Opportunity to rebuild trust
As the government prepares the next fiscal year’s budget, this is a pivotal moment to engage the public. At the moment, we’re already at a point where the Ministry of Finance has already requested budget proposals from ministries and central agencies. Now in April and May, there will be rounds of consultations. This presents a crucial opportunity to demonstrate that the government is willing to listen; that citizens have a stake in the process, and that their voices matter.
Afterall, a budget is not just a government document; it is a national contract that affects every citizen. Ensuring budget credibility therefore requires a truly collective effort from the political leaders, government agencies, civil society, the private sector, and most importantly, the public.

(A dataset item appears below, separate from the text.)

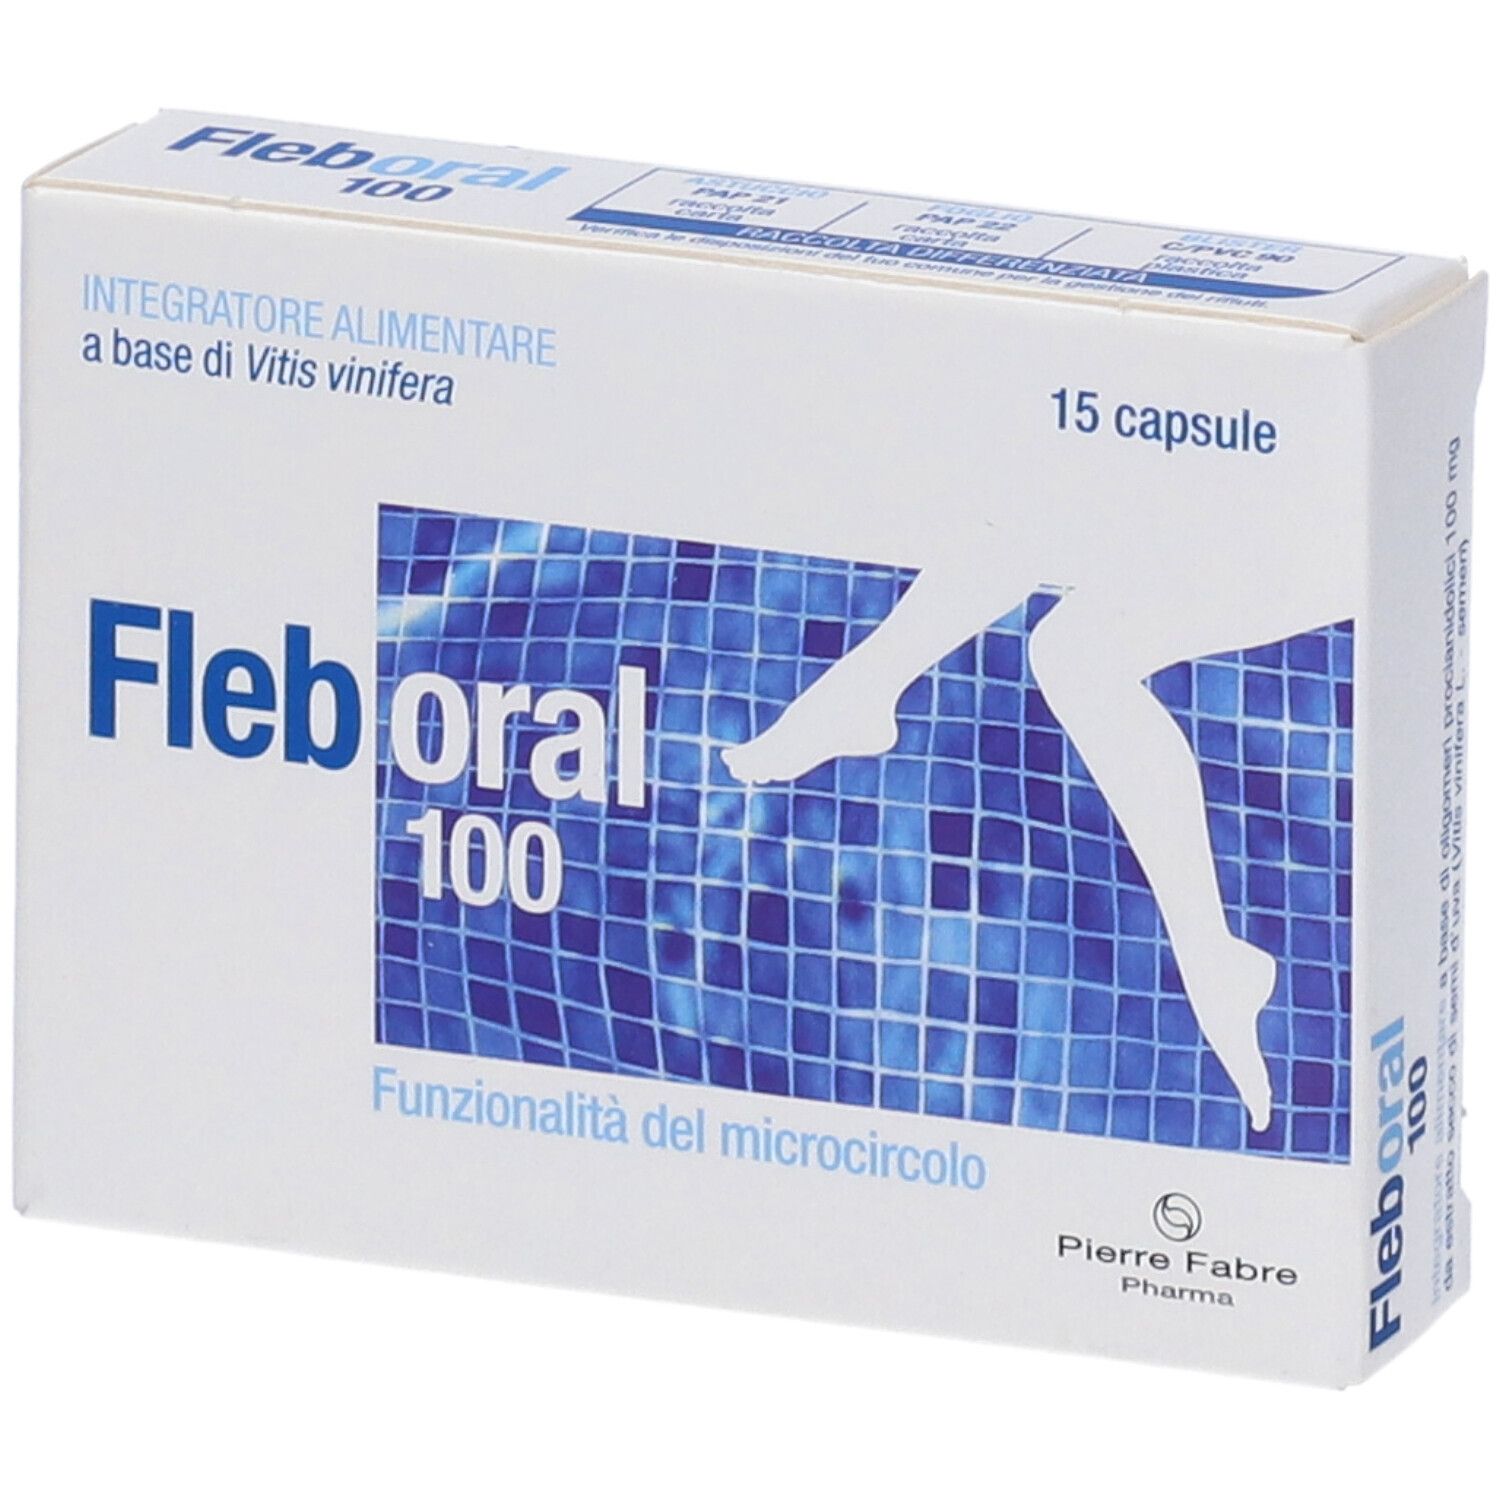 Image of Pierre Fabre Fleboral® 100
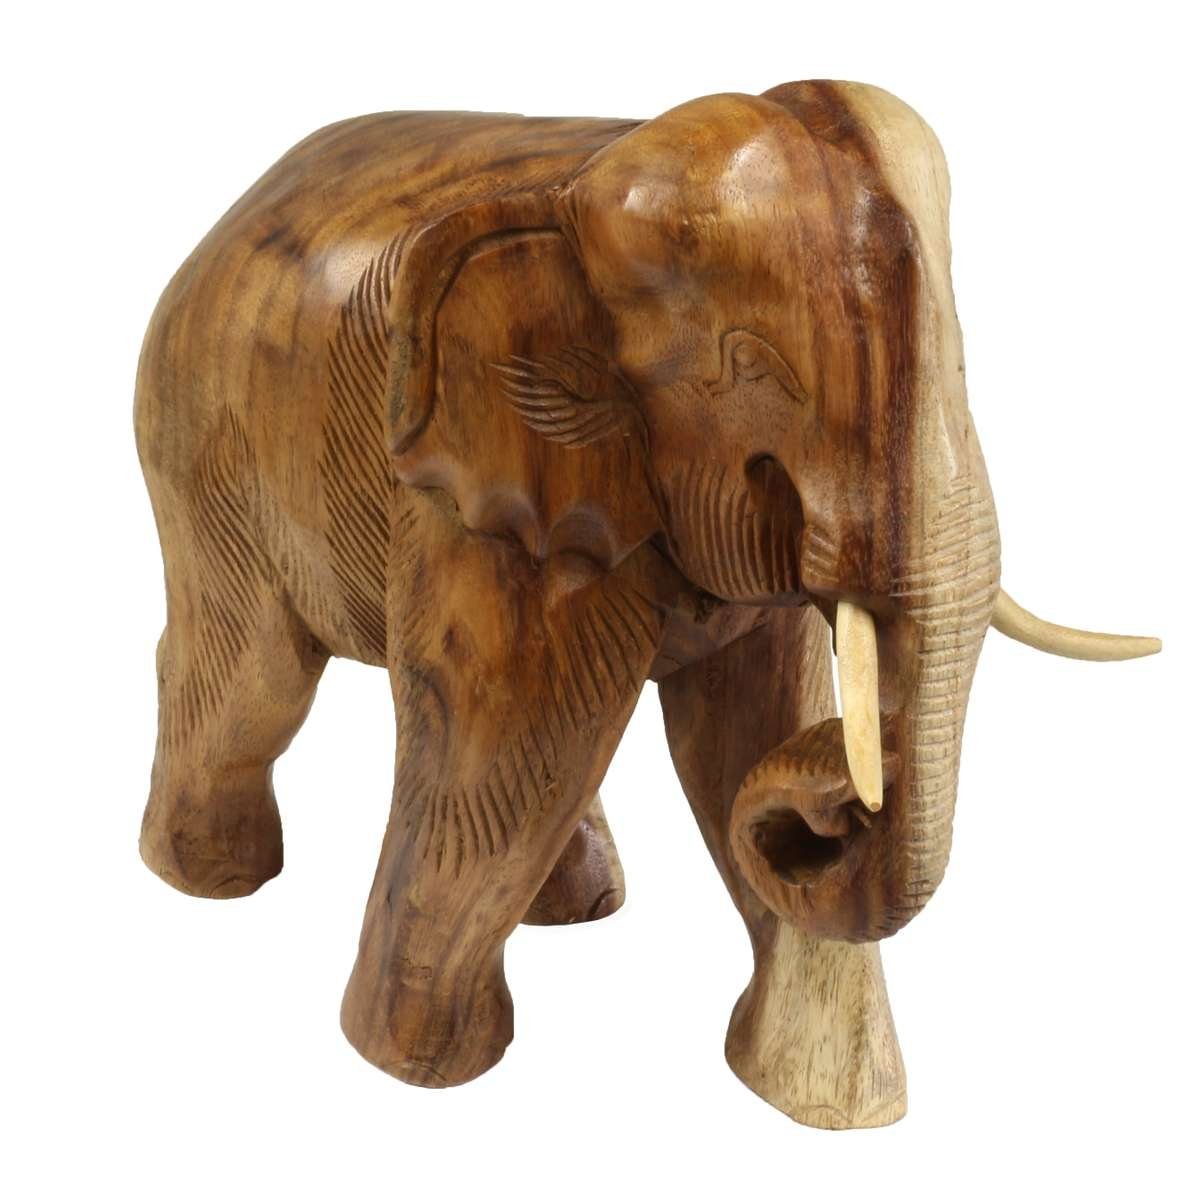 Tierfigur Elefant aus Glas handgefertigte Glasfigur Schönes Geschenk 2,5 cm hoch

Strengthening public participation in budget-making, and in oversight, will help ensure that allocations reflect real priorities and address pressing needs. At the same time, citizens must have clearer channels to track where their tax money is going, demand transparency, and hold the government accountable. The goal is not only to have a more credible budget but to ensure that every rupee spent translates into tangible improvements in people’s daily lives.
At this juncture where Nepal currently stands, there is a need to restore trust in government institutions, and for that, moving toward a budget system that delivers is one of the pre-requisites.
Akash Shrestha is a policy researcher. Views are personal.